In normal operation, the sampling module a1 shown in fig. 5 is operated alternately in this embodiment, and there are two paths: one path is that when the first PWM signal PWM1 is high and the second PWM signal PWM2 is low, the seventh NMOS transistor MN7 and the tenth NMOS transistor MN10 are turned on, the eighth NMOS transistor MN8 and the ninth NMOS transistor MN9 are turned off, and the input voltage VIN _ TX passes through the seventh NMOS transistor MN7, the SW1_ TX node, the LC resonant circuit formed by Lp and Cp in the charging base, the SW2_ TX node, and the tenth NMOS transistor MN10, thereby generating a resonant current; the resonant current generates a voltage through the tenth NMOS transistor MN10, and then is divided by the twelfth NMOS transistor MN12 and the fourteenth NMOS transistor MN14 to obtain a sampling signal VIL _ SNS 2. The other path is that when the first pulse width modulation signal PWM1 is low and the second pulse width modulation signal PWM2 is high, the eighth NMOS transistor MN8 and the ninth NMOS transistor are turned on, the seventh NMOS transistor MN7 and the tenth NMOS transistor MN10 are turned off, and the input voltage VIN _ TX passes through the eighth NMOS transistor MN8, the SW2_ TX node, the LC resonant circuit, the SW1_ TX node, and the ninth NMOS transistor MN9 to form a path, so as to generate a resonant current; the resonant current generates a voltage through the ninth NMOS transistor MN9, and then is divided by the eleventh NMOS transistor MN11 and the thirteenth NMOS transistor MN13 to obtain a sampling signal VIL _ SNS 1. Only one of the two paths is in operation, so the first output terminal and the second output terminal of the sampling module a1 alternately generate the output voltage signals VIL _ SNS1 and VIL _ SNS2 of the sampling module a1 and are connected to the input terminal of the amplifying module a 2.

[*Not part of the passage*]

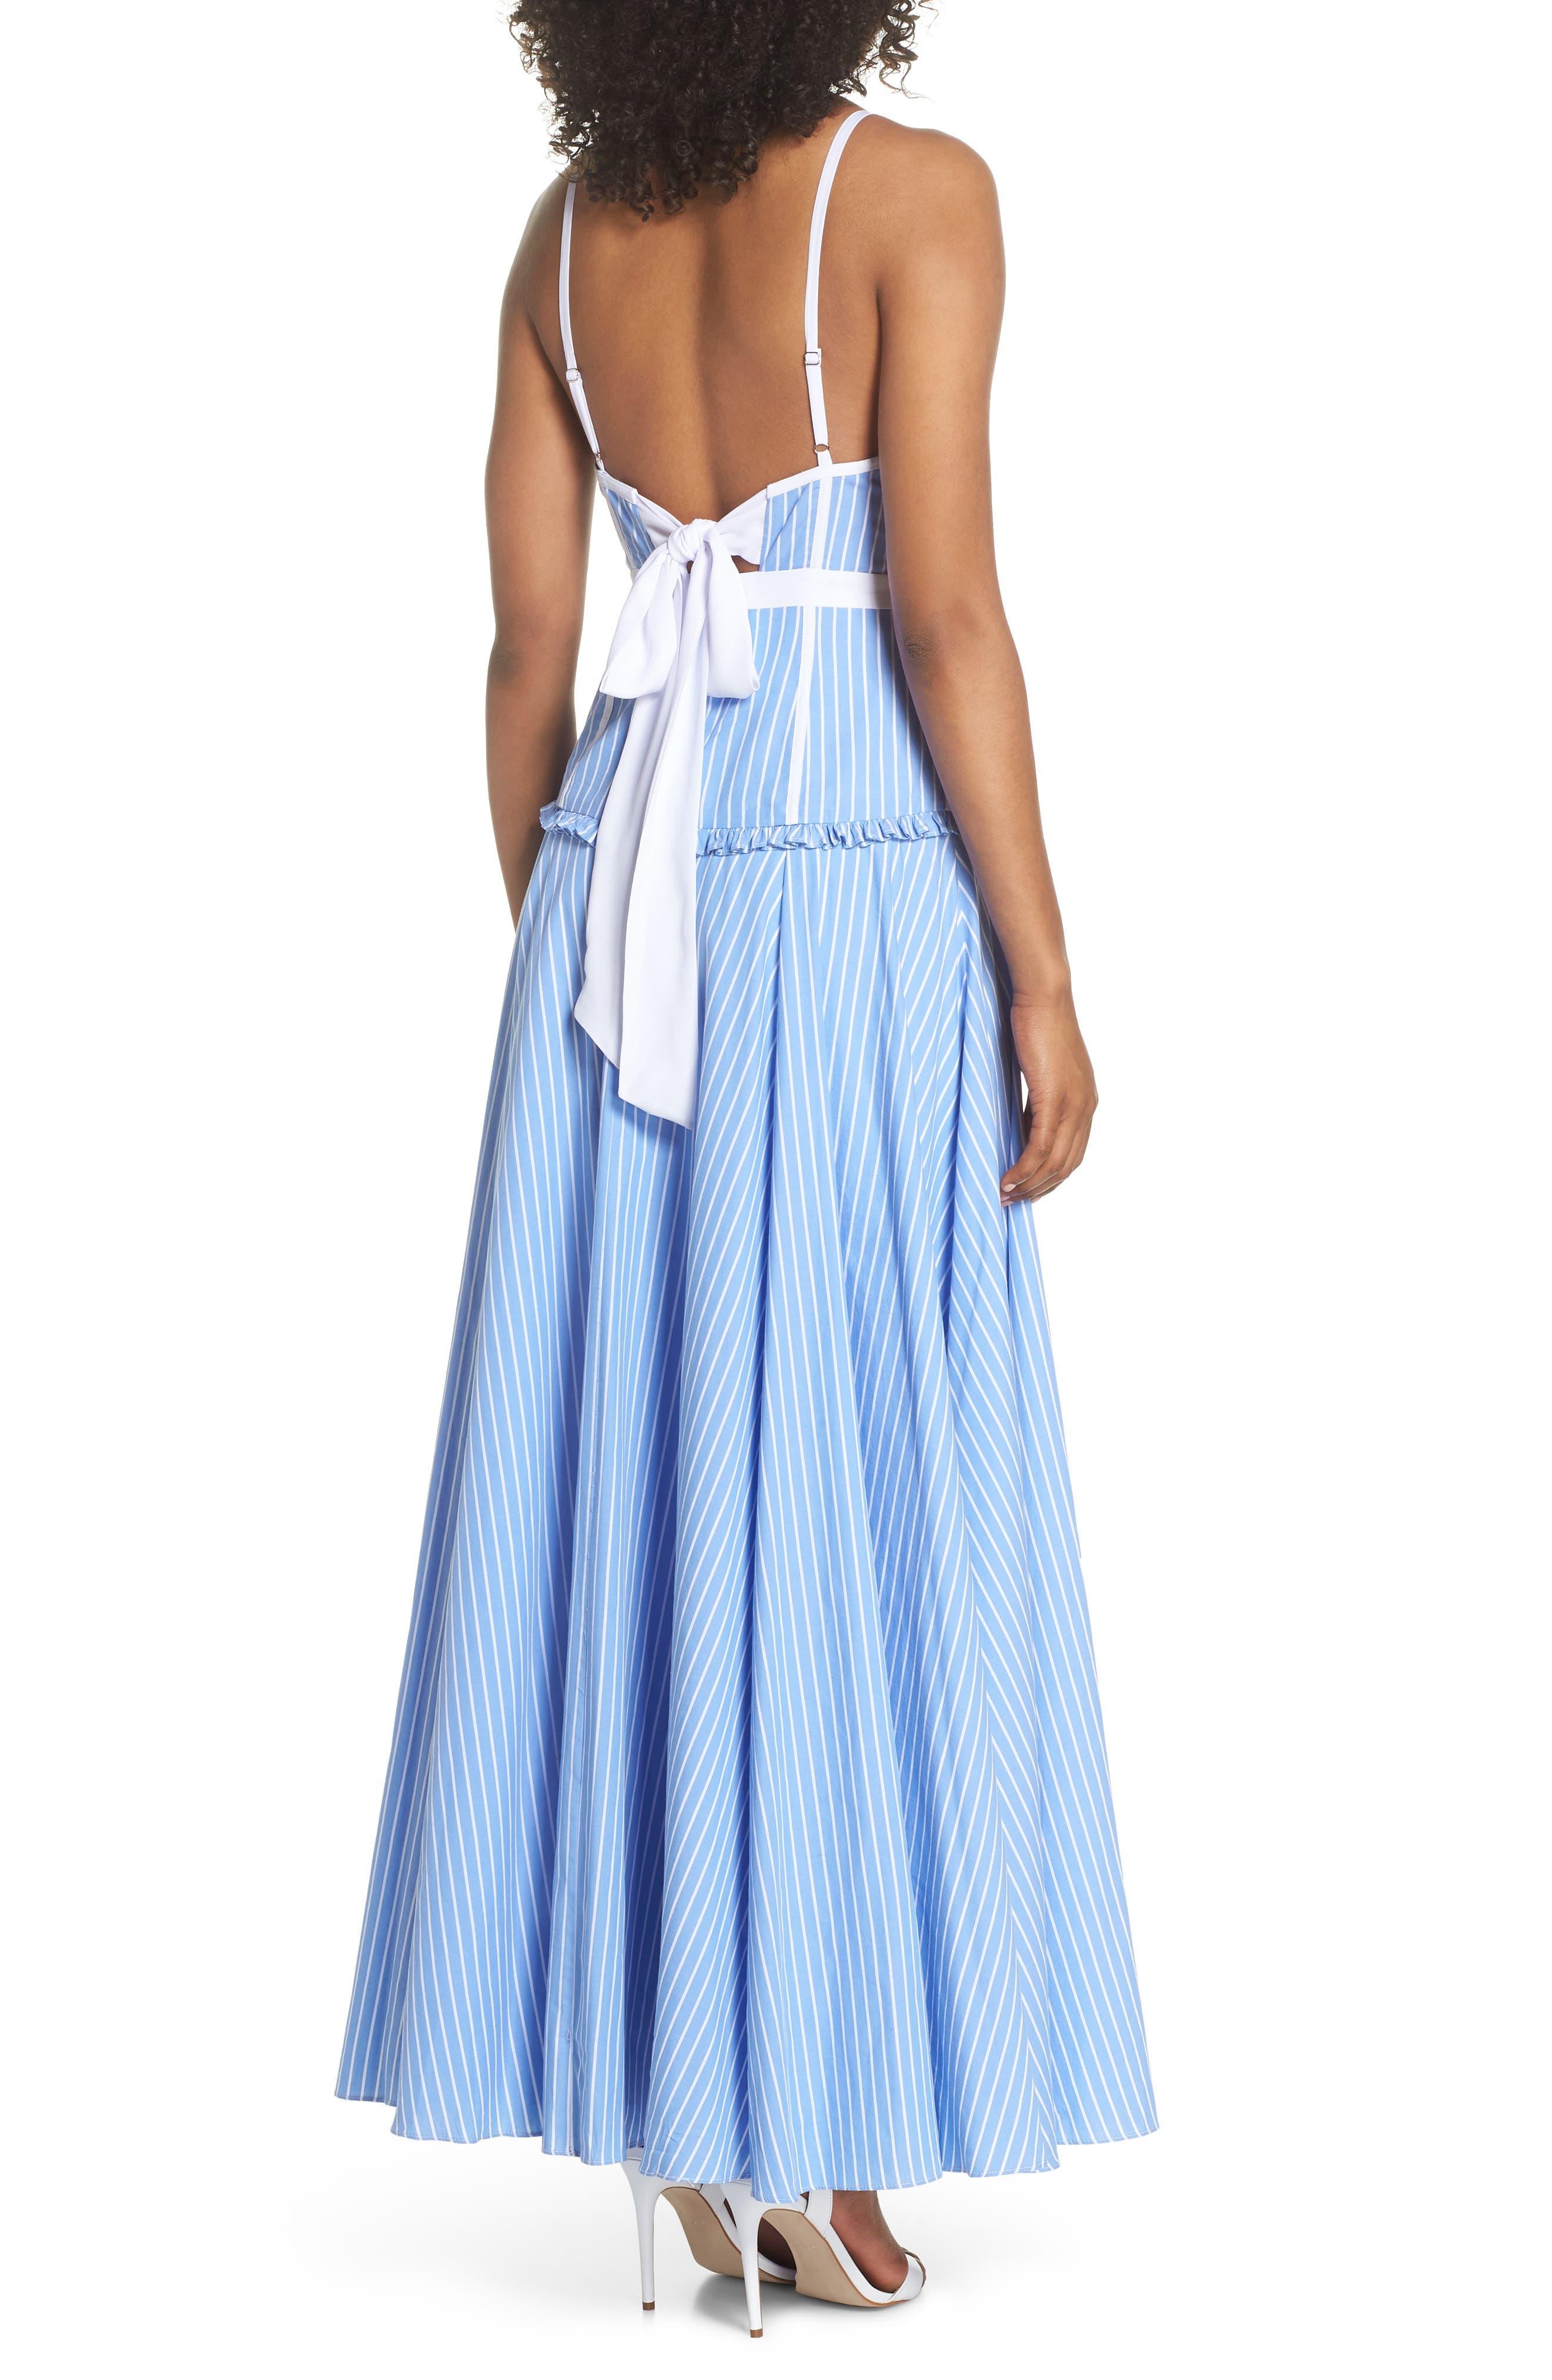 Morrow Stripe Corset Gown,                             Alternate thumbnail 2, color,                             450
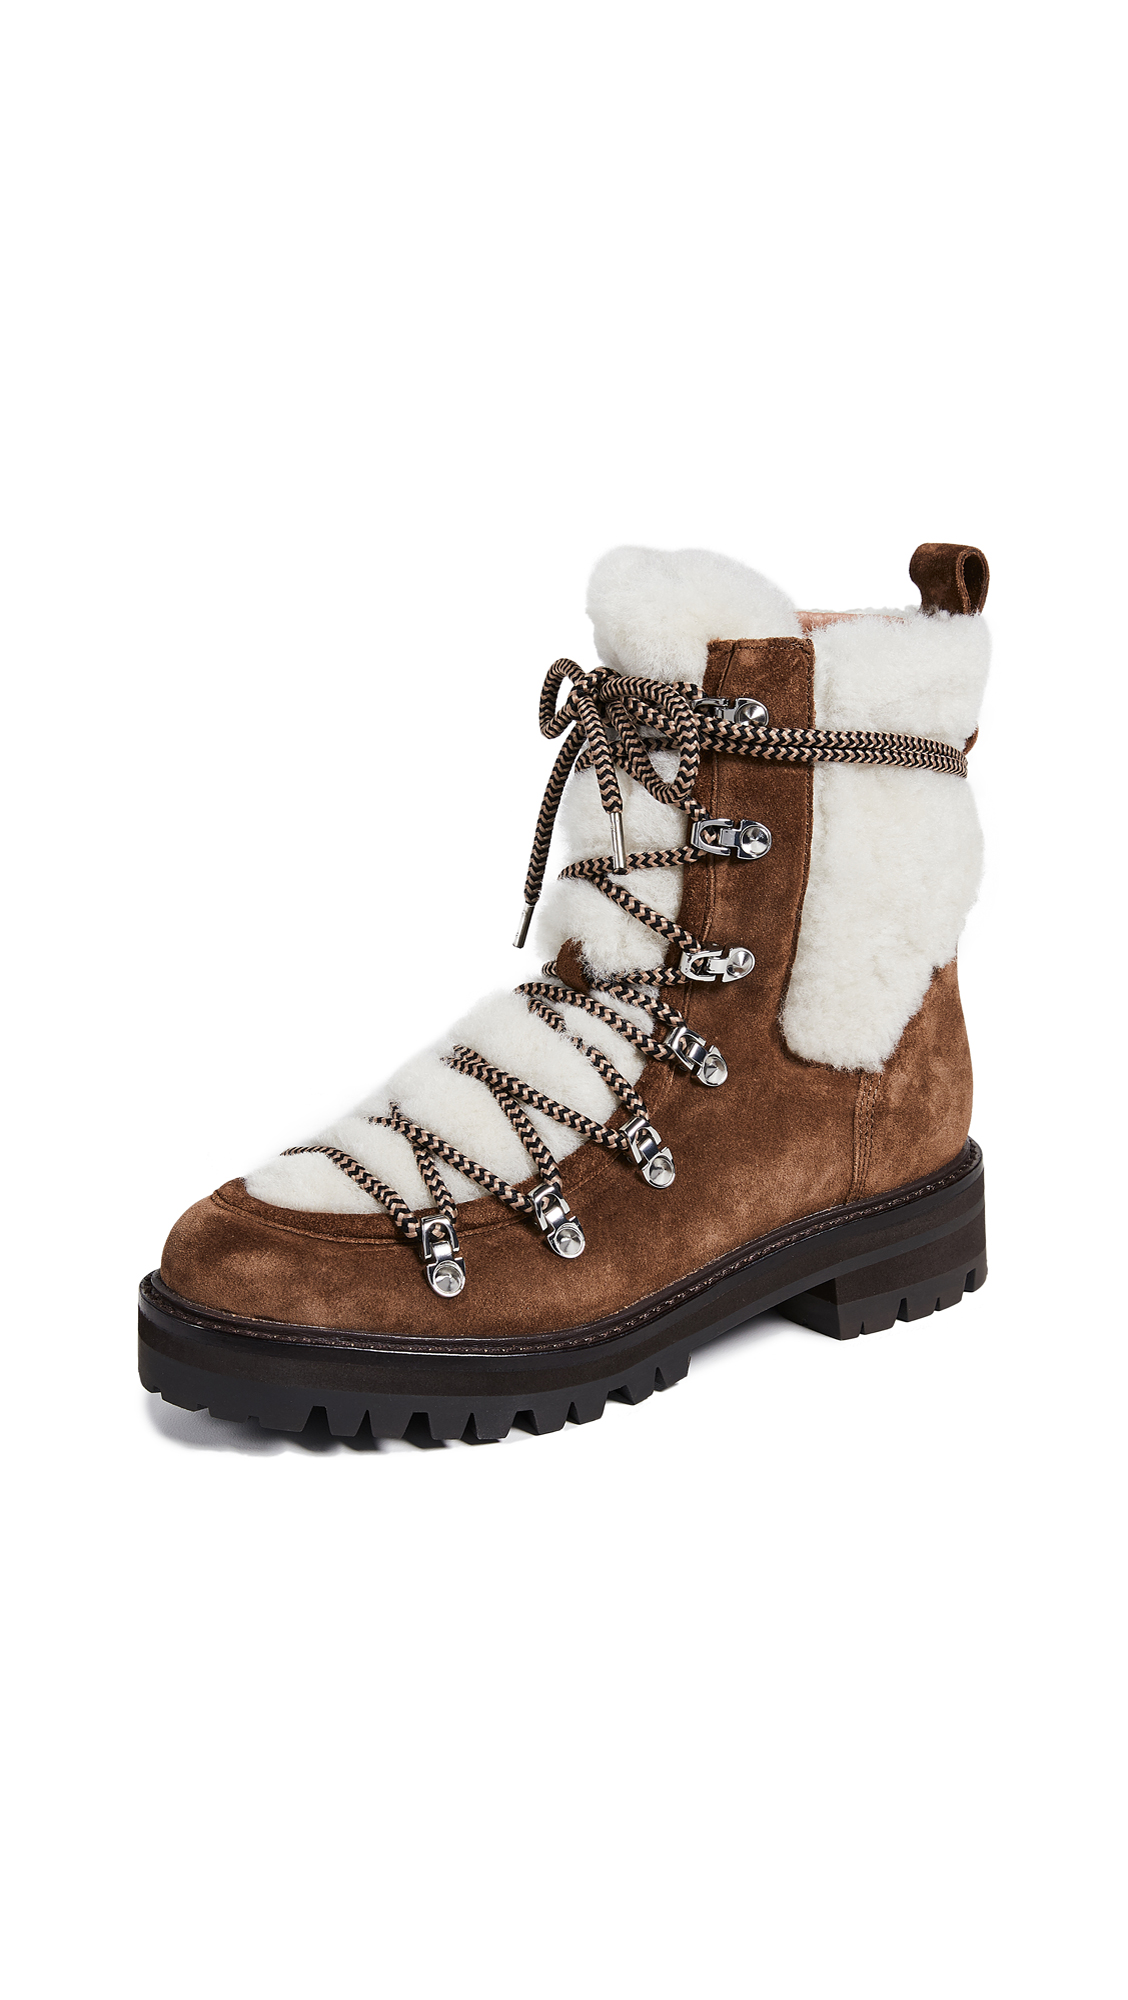 Sigerson Morrison Isla Shearling Boots - Farro/Natural

Because the sampling module a1 alternately outputs the voltage signals VIL _ SNS1 and VIL _ SNS2, the amplification module a2 may be provided with two left and right groups of structures as shown in fig. 5, each of which is composed of a first resistor, a second resistor, a third resistor, a first capacitor, a first current source, a second current source, a first NPN type triode, a second NPN type triode, a first NMOS transistor, a second NMOS transistor, a third NMOS transistor, a first PMOS transistor, a second PMOS transistor, and a third PMOS transistor, and is respectively connected to the VIL _ SNS1 and the VIL _ SNS2 for amplification, the amplification module a2 further includes a fourth resistor R4 and a fourth NMOS transistor MN4, the gate-drain of the fourth NMOS transistor MN4 is shorted, and is connected to the output terminal of the amplification module a2 through the fourth resistor R4, and the source thereof is grounded. As shown in FIG. 5, two voltage signals VIL _ SNS1 and VIL _ SNS2 generated by the sampling module A1 alternately are connected to the second two sets of structures respectivelyA resistor R1₁And R1₂The third PMOS transistor MP3 in the above two structures₁And MP3₂Are connected to the output of the amplifying block a2 and output a current ILsns out.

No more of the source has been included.